Cardona, M., Kremer, R. K., Lauck, R., Romero, A. H., Munoz, A., & Burger, A. (2012). Phonons and Electrons in Chalcopyrite Semiconductors. AIP Conference Proceedings, 1506, 40-44.


Cite as: https://hdl.handle.net/21.11116/0000-000E-C2BC-3
Abstract
In recent years the phonons and the electron phonon interaction of binary tetrahedral semiconductors have been profusely investigated by ab initio techniques and compared with experimental results. Of particular interest have been binary compounds in which the cations contain semi-core d-electrons (CuCl, CuI, AgI) which display anomalies related to the semi-core d-states ((CuCl)-Cu-3d, (AgI)-Ag-4d).
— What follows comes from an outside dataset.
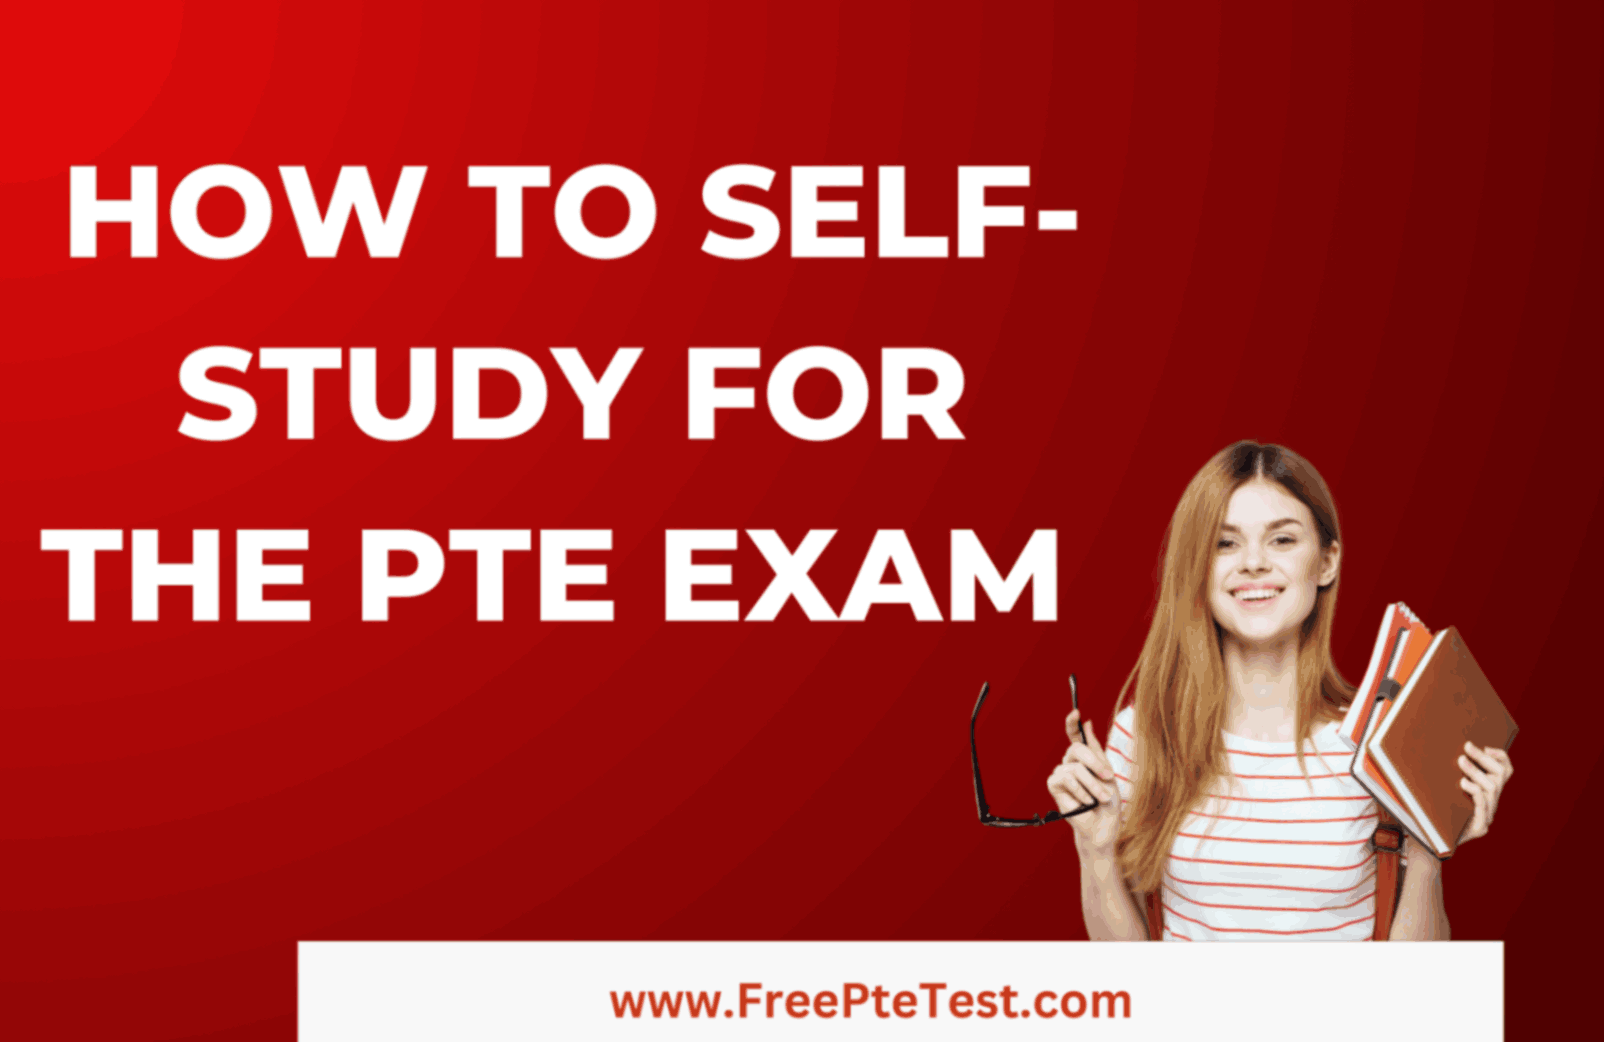 You are currently viewing How to Self-Study for the PTE Exam
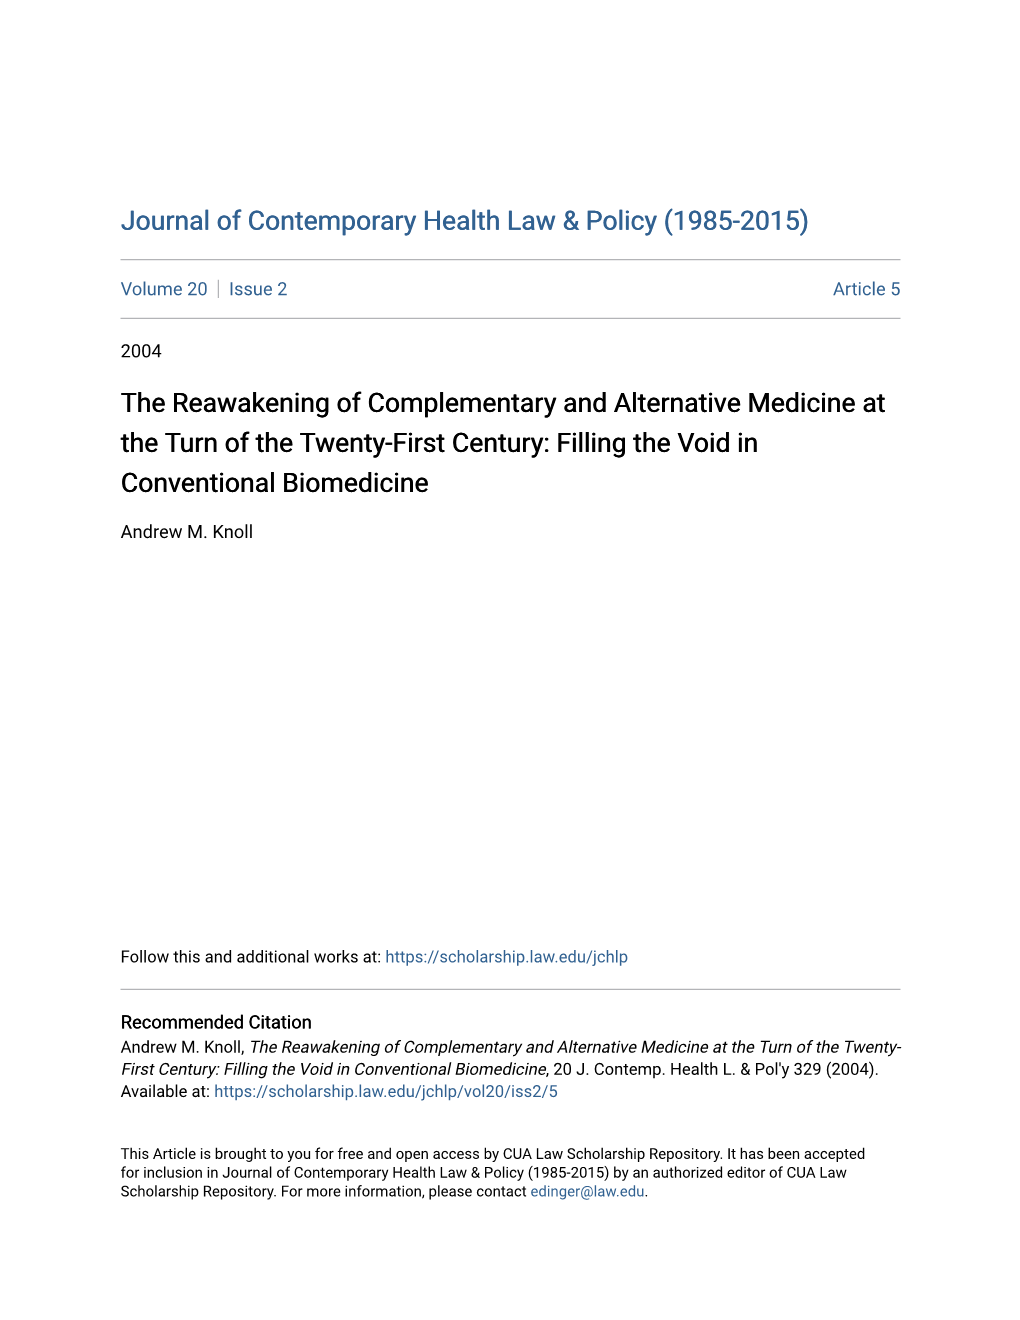 The Reawakening of Complementary and Alternative Medicine at the Turn of the Twenty-First Century: Filling the Void in Conventional Biomedicine

Here we present the corresponding data and anomalies which have been observed in ternary compounds of chalcopyrite structure (e.g. CuGaS2, AgGaX2 (X = S, Se, Te)). We present new ab initio calculations of the phonon dispersion relations of AgGaS2 and compare them with available Raman and IR data. Anomalies in the temperature dependence of the electronic gaps, which have been found in the binary chalcogenides, are also hinted at by the results for the ternary compounds with chalcopyrite structure. In view of the large number of atomic combinations possible for these materials (AgGaS2, AgGaSe2, CuGaTe2, ...) we believe that a detailed investigation of the whole family of chalcopyrites should provide a clear picture of their properties and lattice anomalies.